A frown crossed McFarley’s face as he remembered his first attempts to gain his green card. It had not been as easy as he would have expected, since Great Britain was not considered to be a repressive nation—even to the Northern Irish. But a few clandestinely taken photos of a U.S. congressman visiting London—engaging in some rather unusual sex acts with two of McFarley’s women—had convinced the man to push the Irishman’s immigration papers through personally. And he had passed his citizenship test five years later with flying colors.
“Hurray for the red, white and blue.” McFarley laughed out loud as the memory crossed his mind.
McFarley leaned back farther and clasped his hands behind his head, staring at the various boxing trophies and other awards around the room. He had found, just like the Mafia and South American drug cartels before him, that energetic civic work was not only a good cover for his real pursuits, it endeared him to the people. And public opinion had a huge influence on politicians, be they senators, congressmen or district attorneys. The Irishman caught himself grinning again at a “Citizen of the Year” award on his wall from the New Orleans Chamber of Commerce.
There was not another city in the U.S. known for as much corruption and graft as the Big Easy. And Hurricane Katrina had disrupted things to an extent where bribes and leverage worked on the politicians and police even better than before the storm.
McFarley leaned back against his desk chair and chuckled aloud. What more could you ask for than television news footage that showed uniformed police officers pushing shopping carts through stores and looting them just like the rest of the citizenry? The Big Easy had become a Disneyland for criminals, so New Orleans had been the natural site for McFarley to base his operations.
Over the past few years those operations had been both legal and illegal. His string of weight-lifting gyms now rivaled both Gold’s and World’s, and each rep the “muscle heads” performed on the bench press or preacher curl stand put more money in his pocket. He also had boxing operations in most major cities across the country, and every punch that struck a bag or chin made him money as well. But these were fronts for his true revenue ope
rations. His real money still came the “old-fashioned” way—he stole it. Although he, himself, was thoroughly insulated by several layers of employees, his illegal activities included gunrunning to the Shining Path in Peru and the FARCs in Colombia, call girl services and massage parlors in most major cities, and some blatantly outright brothels. Like the one he was presently sitting atop.

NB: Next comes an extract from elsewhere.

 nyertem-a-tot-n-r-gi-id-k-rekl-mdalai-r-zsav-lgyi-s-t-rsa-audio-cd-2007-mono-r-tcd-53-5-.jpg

The penthouse of the old antebellum mansion, which faced Lake Pontchartrain, had been turned into McFarley’s offices. There was little secrecy about what happened on the four floors below. Police and other cleanup workers—still trying after all these years to get the Big Easy up and running once more—had more pressing business than pursuing misdemeanor prostitution arrests.

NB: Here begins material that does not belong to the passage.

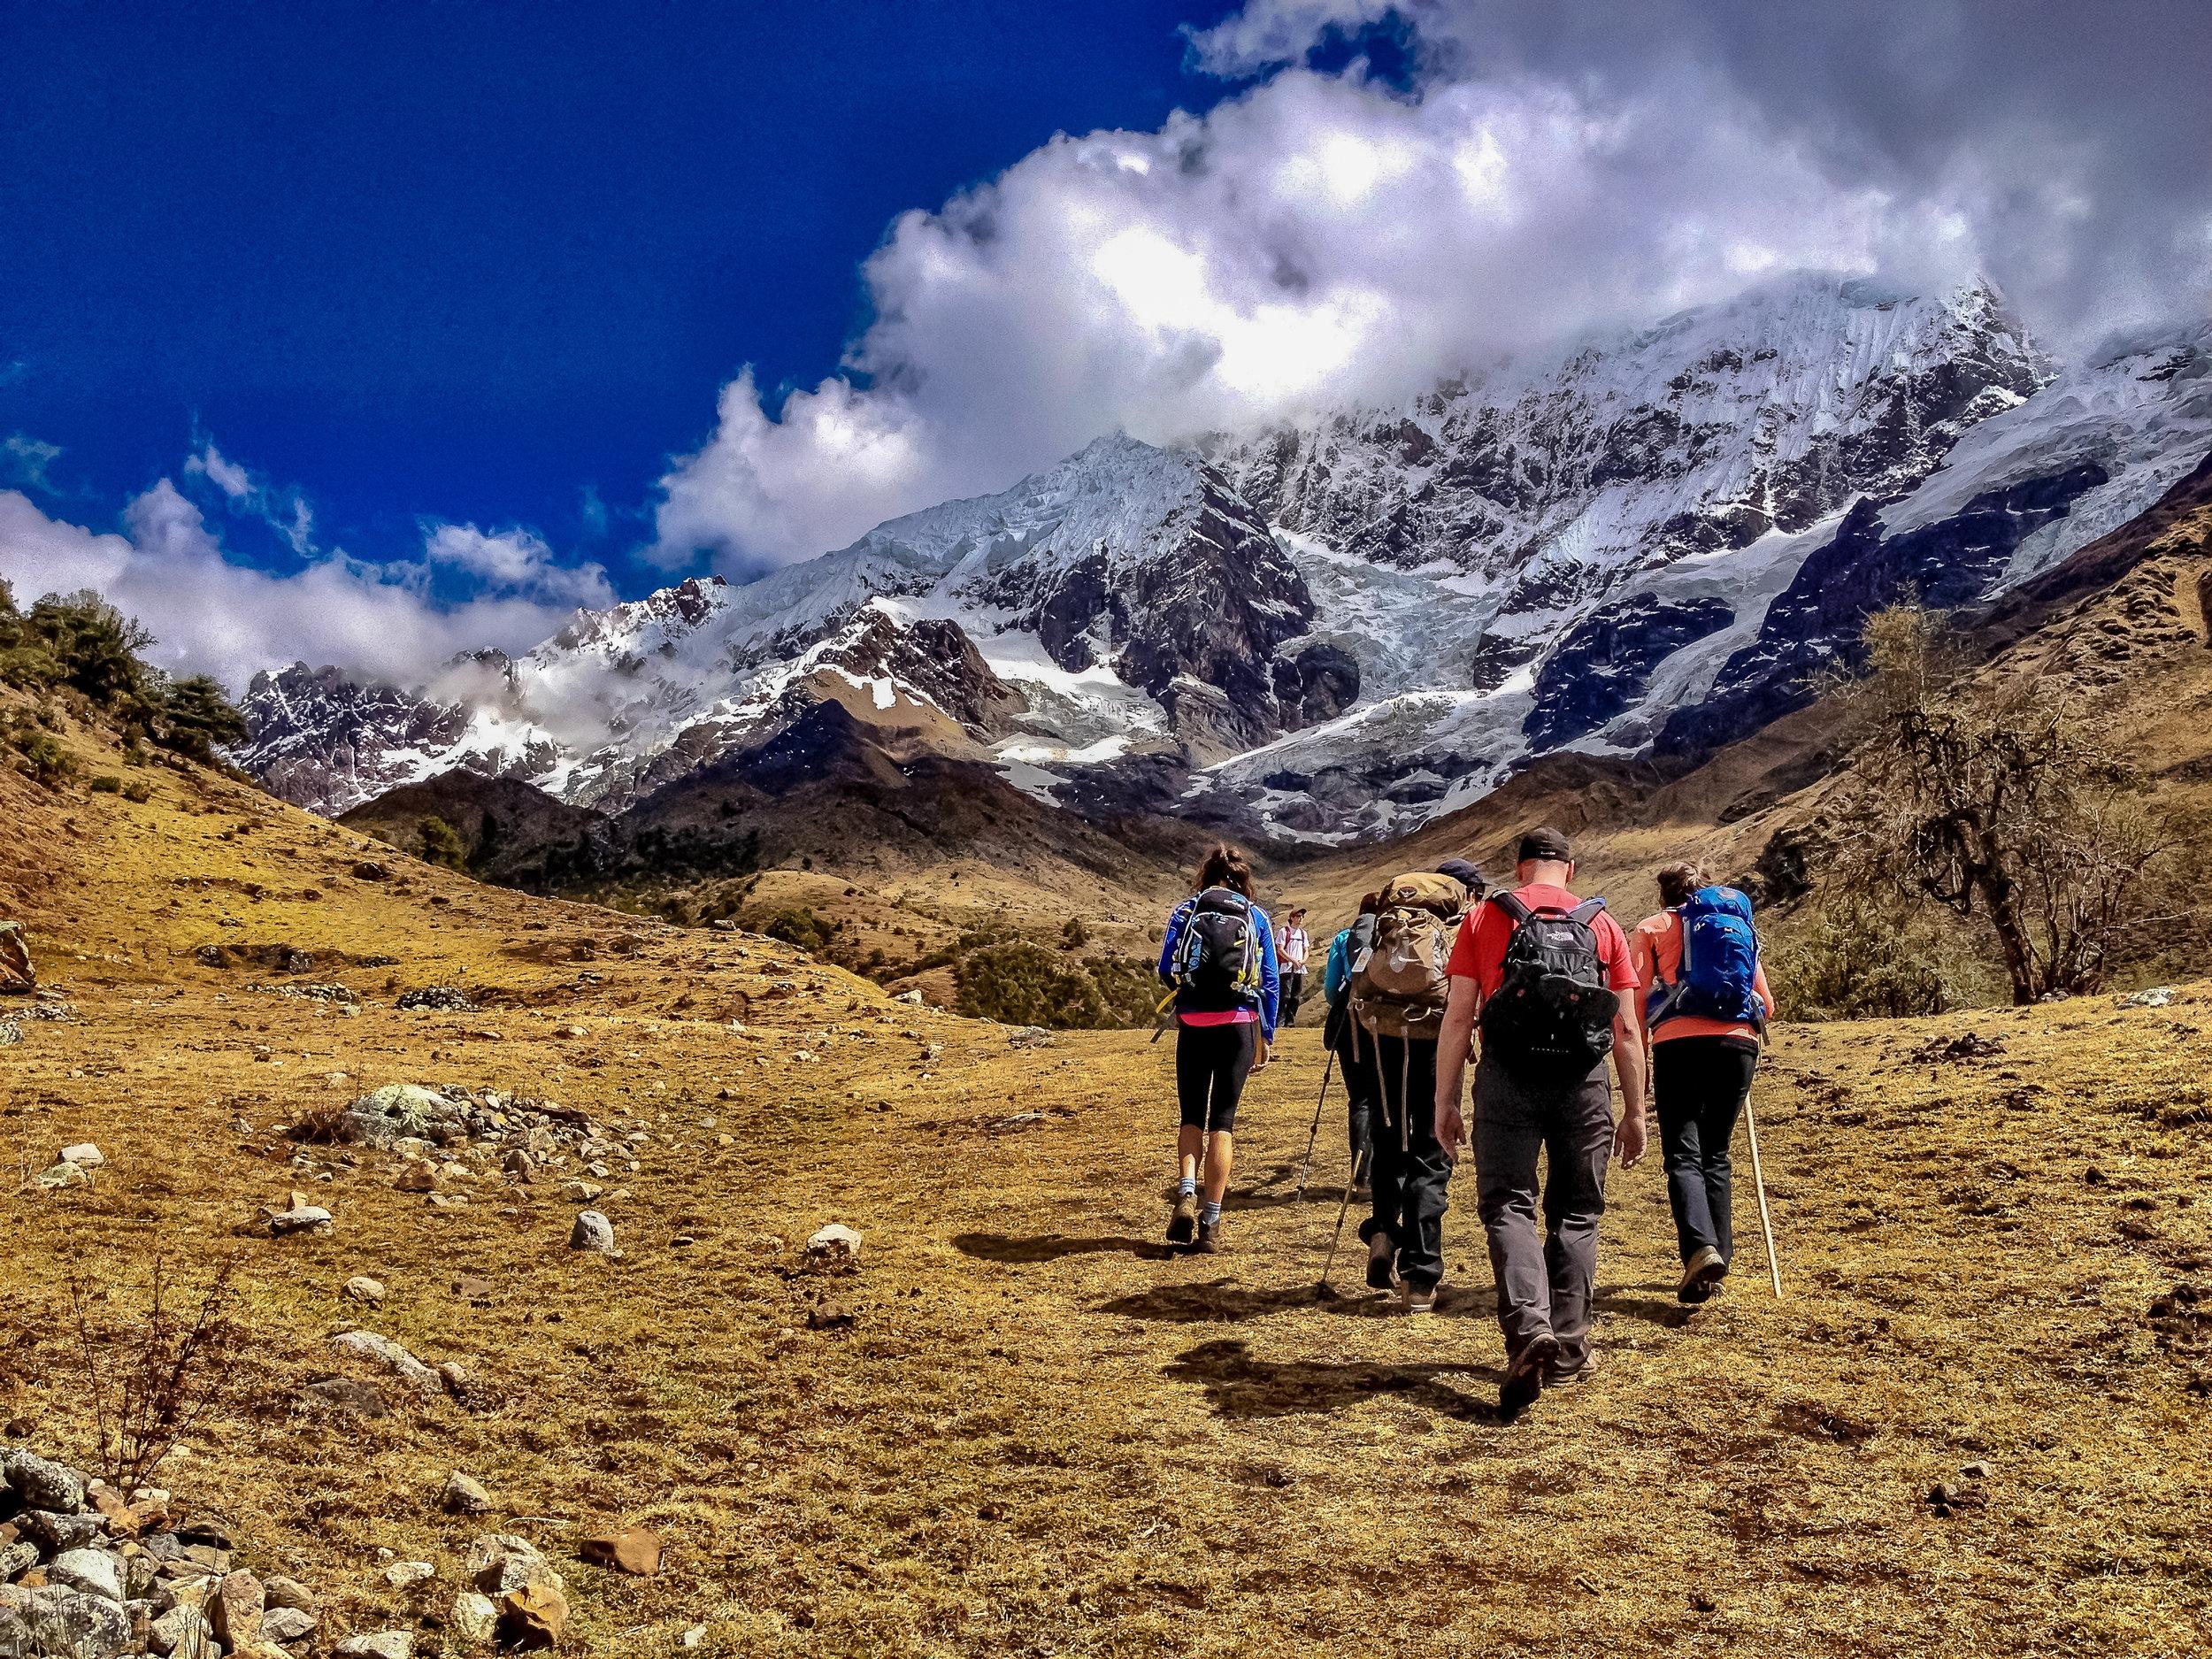 Journey to Machu Picchu

The Irishman chuckled again. Besides, he thought, the top brass of the New Orleans PD and the district attorney’s office were some of his best customers.

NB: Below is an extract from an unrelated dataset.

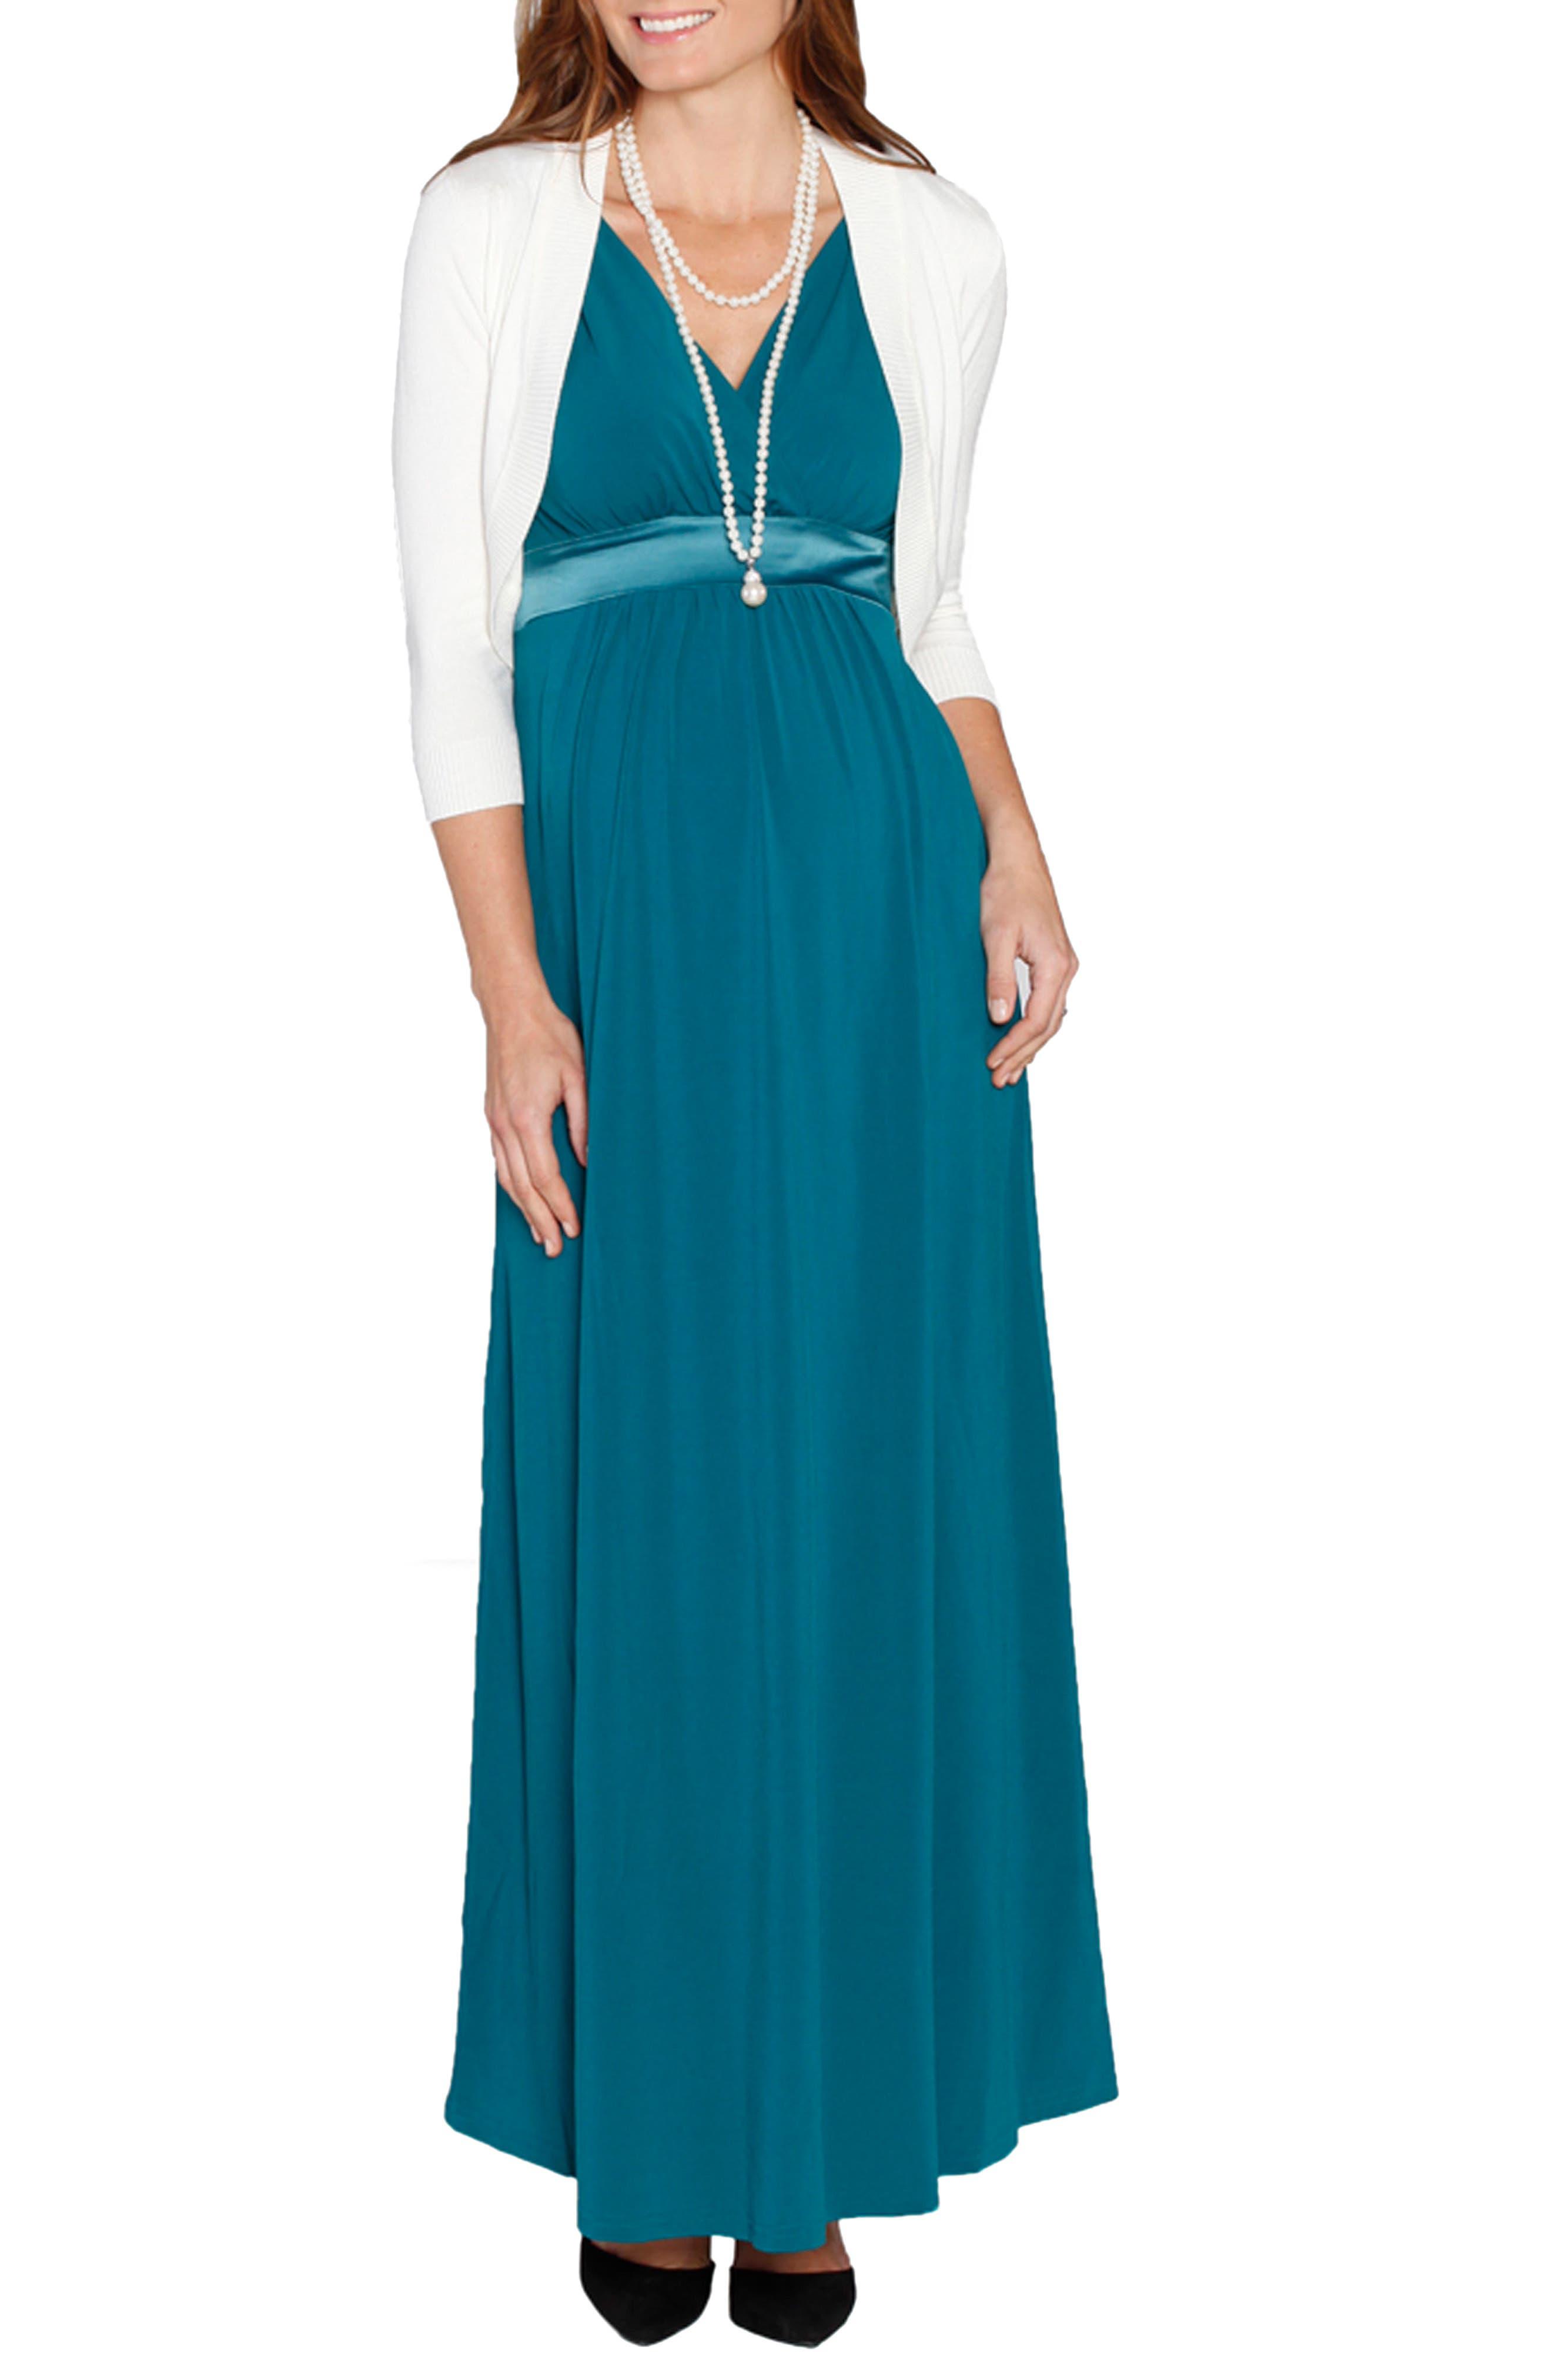 Angel Tie Waist Sleeveless Maternity/Nursing Gown & Bolero

McFarley leaned forward, crossed his arms on the desktop and thought briefly about the one last thing he had to do before Matt Cooper arrived for dinner. Even thinking about performing such a task would have sent many men running to the restroom to throw up, but to McFarley, it seemed to come naturally. He had done similar things many times in the past, and he felt no emotion about them one way or another. It was all business, he thought, as his mind returned to his overall empire of crime once again.
In addition to the weaponry he sent south, he brought cocaine and heroin north into the U.S. for the Mexican and South American cartels. Of course, his favorite activity was still fixing boxing matches in the smoky clubs where his fighters fought. Although the gambling money he made from these fights was small compared to his profits in the other areas, he hung on to it as a nostalgic link to his past.
McFarley’s smile turned suddenly downward. Once in a while, a fighter or his manager didn’t go along with his wishes to take a dive. That had happened less than a week ago.